StarLight Geospatial Intelligence Platform
Challenge: Design collaborative content modules for a multi-agency situational awareness platform serving public safety decision-makers.
Result: Designed and built the collaborative intelligence modules deployed at the 2008 Presidential Inauguration, coordinating 12+ federal, state, and local agencies in the DC Metropolitan Police Operations Center.
What we learned: Interoperability is 20% technical and 80% relational.
PRACTICE AREA 3
Emerging Markets & International Development
USAID / Ernst & Young — $150M Emerging Markets Portfolio
Challenge: Promote private enterprise and economic development across a diverse portfolio of emerging market programs.
Result: Strategic and financial consultant for $150M USAID portfolio; key architect of $20M Global Franchise Guarantee Program; conducted comprehensive impact assessment of USAID private sector development programs since 1961.
What we learned: The programs that succeed are the ones where implementing partners have genuine stakes, not just contracts.
Braddock Group — $5M Middle East Joint Venture
Challenge: Create a regional joint venture between a Silicon Valley semiconductor manufacturer and the governments of Jordan and Bahrain.
Result: Co-led strategy and personally conducted concession negotiations with government ministries in Jordan and Bahrain. Authored strategic business plans and financial models.
What we learned: Government negotiations in the Middle East move on relationships and respect — not on the quality of the business plan.
Renaissance Initiative — Jiu Valley, Romania
Challenge: Prototype community revitalization and social innovation programs in one of Europe’s most economically distressed post-communist regions.
Result: Co-founded and directed a nonprofit foundation; raised funding from World Bank, USAID, U.S. Embassy Bucharest, and Balkan Stability Pact. Received endorsements from five Romanian government ministries.
What we learned: Legitimacy in post-communist environments has to be earned locally, not conferred from outside.
PRACTICE AREA 4
Human Flourishing & Organizational Transformation
NeuroTeach Atlas (in development)
Challenge: Make peer-reviewed neuroscience on leadership and organizational transformation accessible and actionable for practitioners.
Result: Building an AI-powered platform with 3D brain network visualizations and an evidence-graded intervention library linking neural systems for creativity, trust, empathy, and self-transcendence to professional application.
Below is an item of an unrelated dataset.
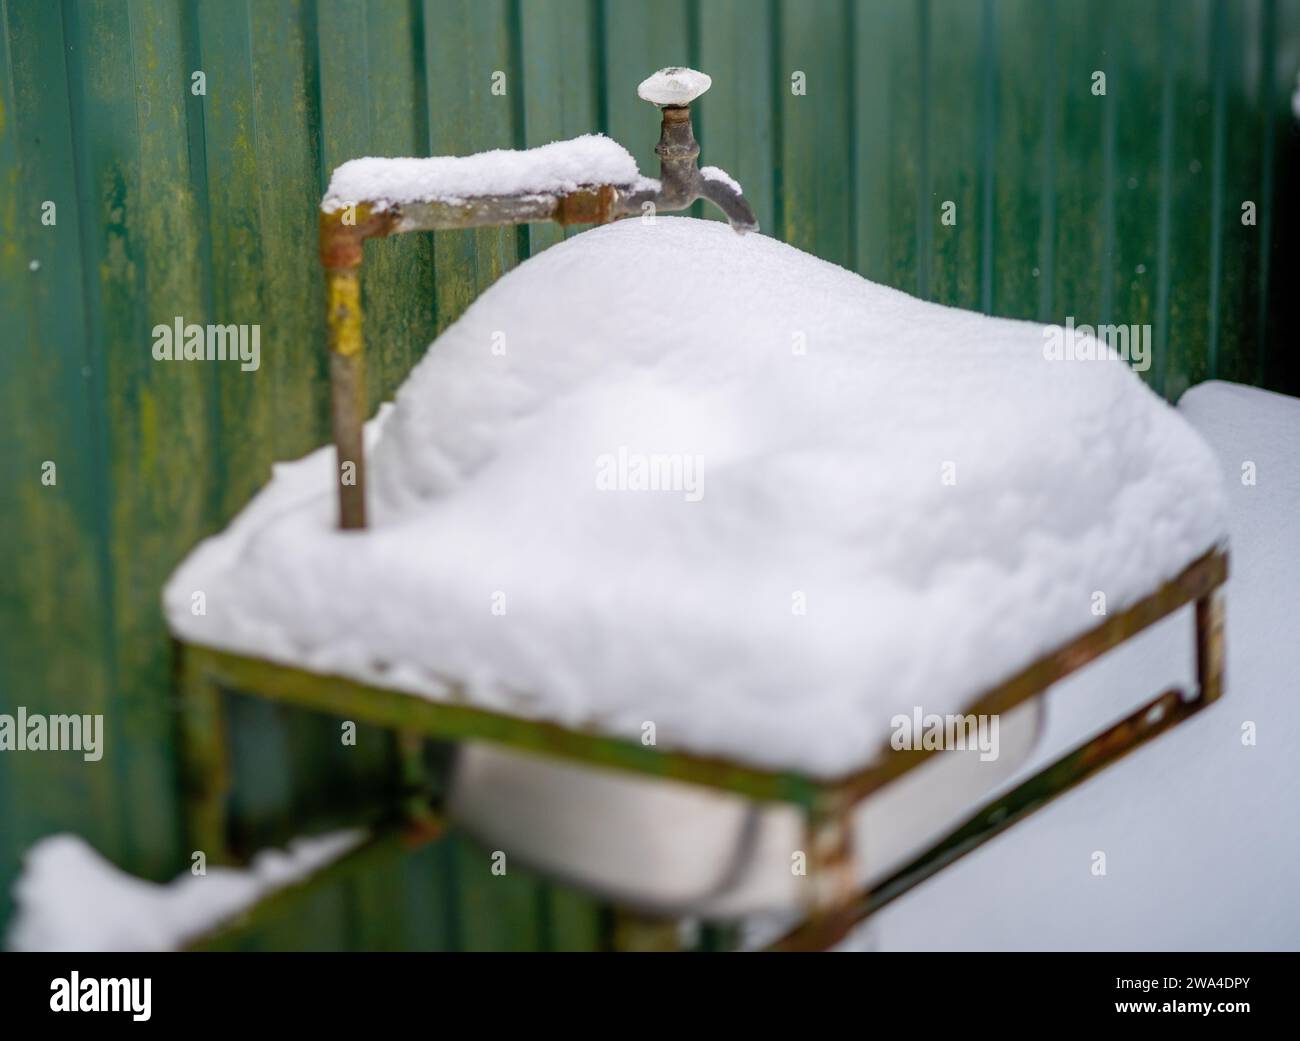 Waschbecken im Freien voller Schnee und gefrorenem Wasserhahn, keine Leute Stockfoto

What we learned: The gap between neuroscience research and leadership practice is almost entirely a knowledge architecture problem.
Neuroformation™ (in development)
Challenge: Build the tools for the neurological formation of leadership character — transformation that sticks because it is grounded in how the brain actually changes.
Result: AI-powered platform mapping neuro-circuitry and synaptic activation frameworks to transformational leadership and collaborative innovation.
What we learned: Character formation is not a curriculum problem. It is a neural architecture problem.